Noah's Easter egg hunt this morning consisted of a dozen plastic eggs filled with pennies and leftover Halloween candy. I am pretty sure this might be a new record in half-assing.
Big shout-out to my sister, who so nicely provided little Easter baskets for both of my children, without which my children would have received NO Easter baskets, because you know what you get when you go to Target the day before Easter in hopes of stocking an Easter basket? You get empty shelves and some irregular bunny cupcake mix. Possibly some Christmas tinsel.
I did eat both of the Cadbury Creme Eggs from the baskets, though. I had to. Those things are terrible for children.
Noah has been wearing an Easter sticker on his nose all day. I don't know why. It's like his parents let him eat chocolate lollipops for breakfast, or something.

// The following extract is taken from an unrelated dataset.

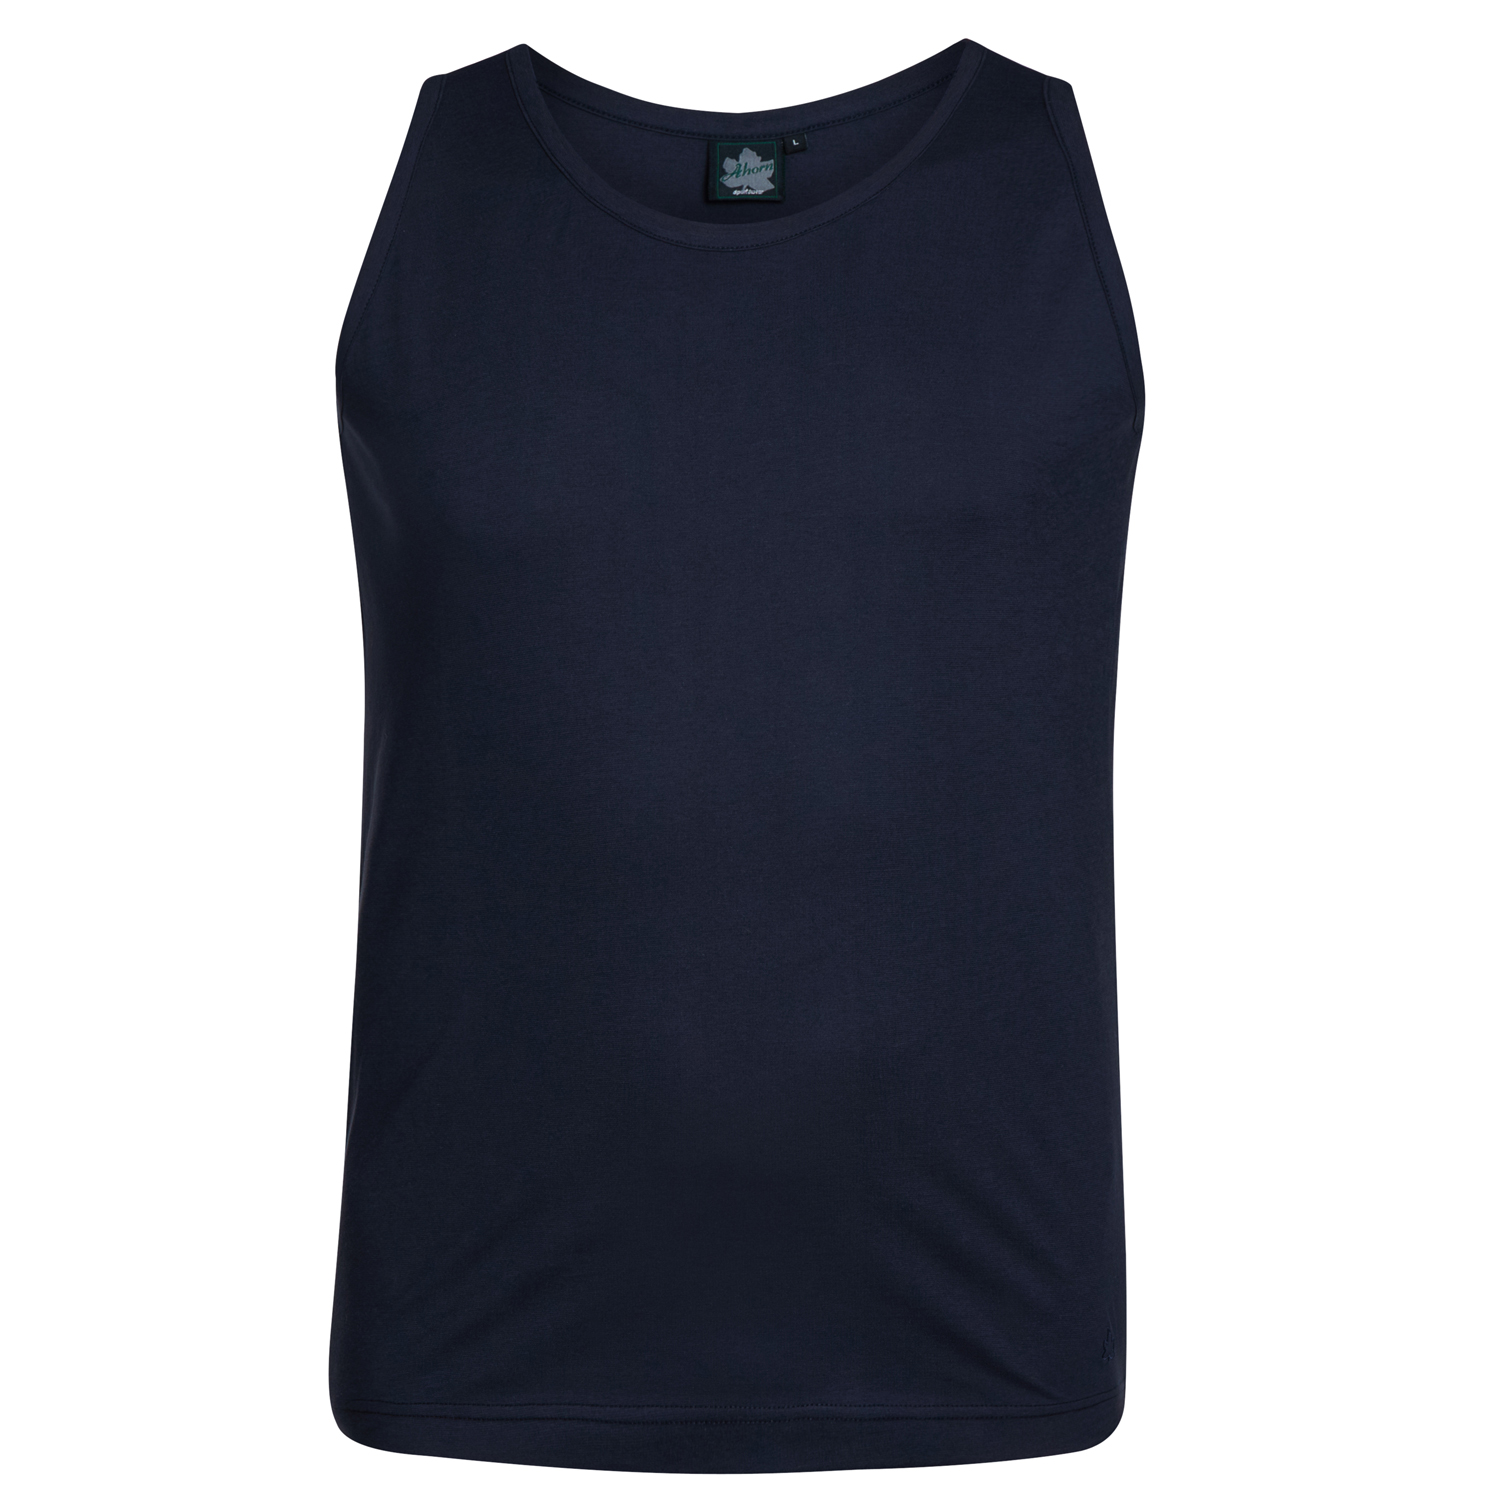 Sleeveless shirt for men in dark blue by Ahorn Sportswear up to oversize 10XL
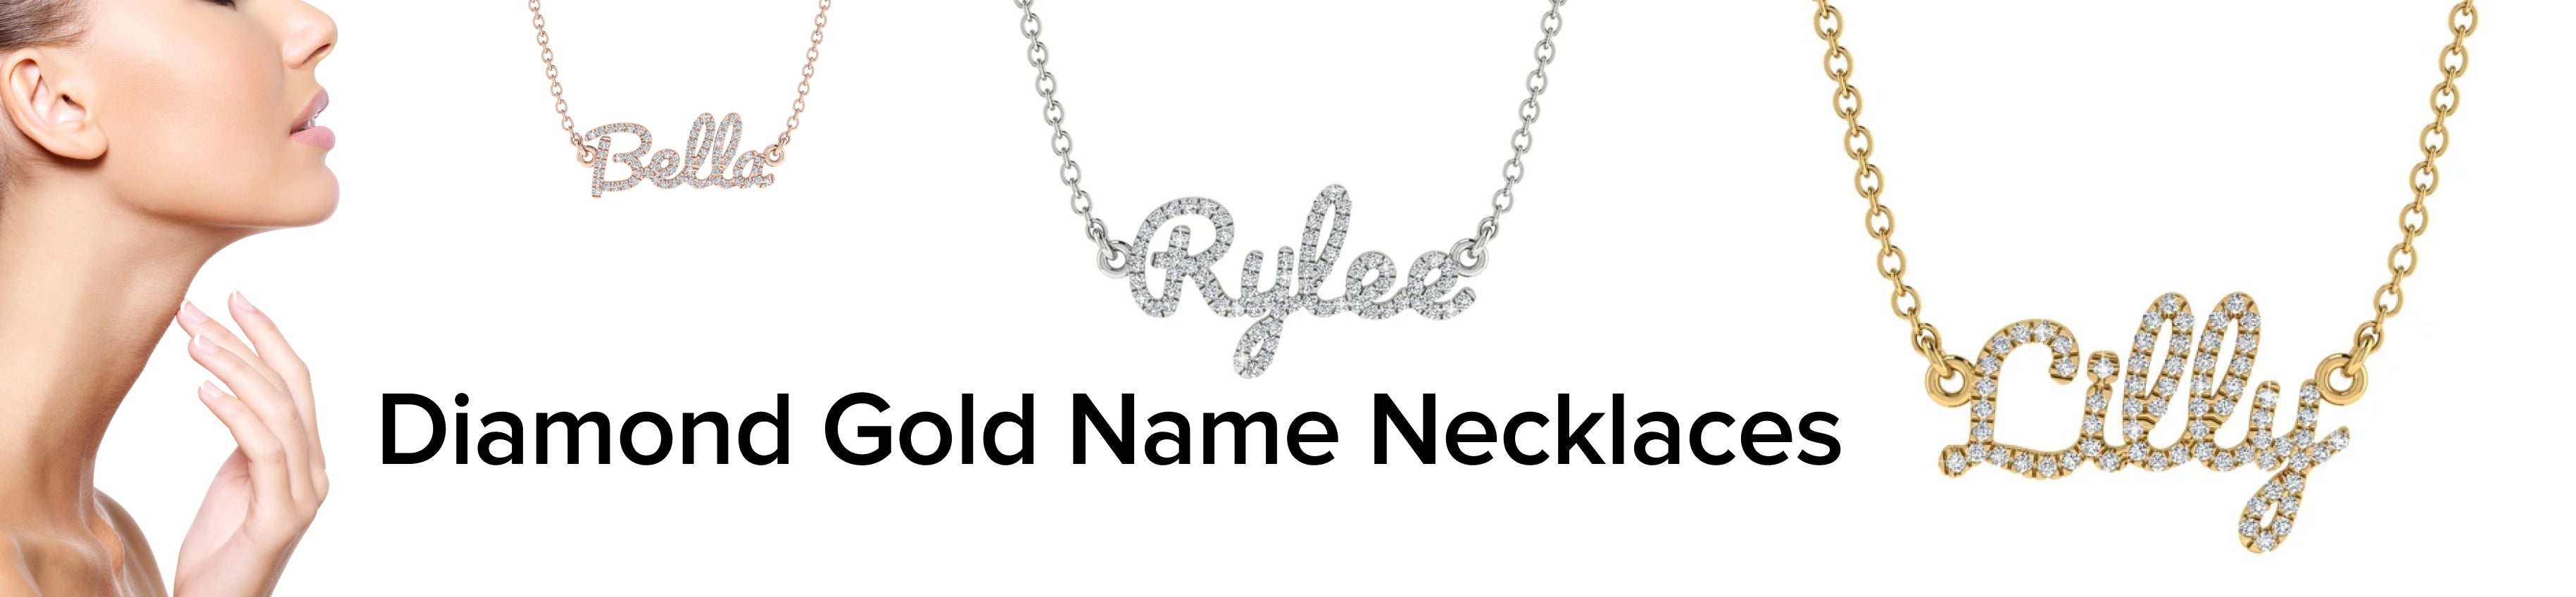 Diamond Gold Name Necklaces Banner

Ezra did not get any chocolate, but he did wake up with a whole other tooth. So that's also something. Something straight from the bowels of HELL, that is. But still, something.
And now, a Ball Poppers Are Serious Business Interlude:
The It's Past Noon But We're Still In Our Jammies Brain Trust begins the experiment.
One's an engineer in the making, while the other has spotted his reflection in the TV cabinet.
Dude, I think a ball rolled over this way oh wait look my thumb yay never mind.
*Oh, but more on THAT LATER. ACK.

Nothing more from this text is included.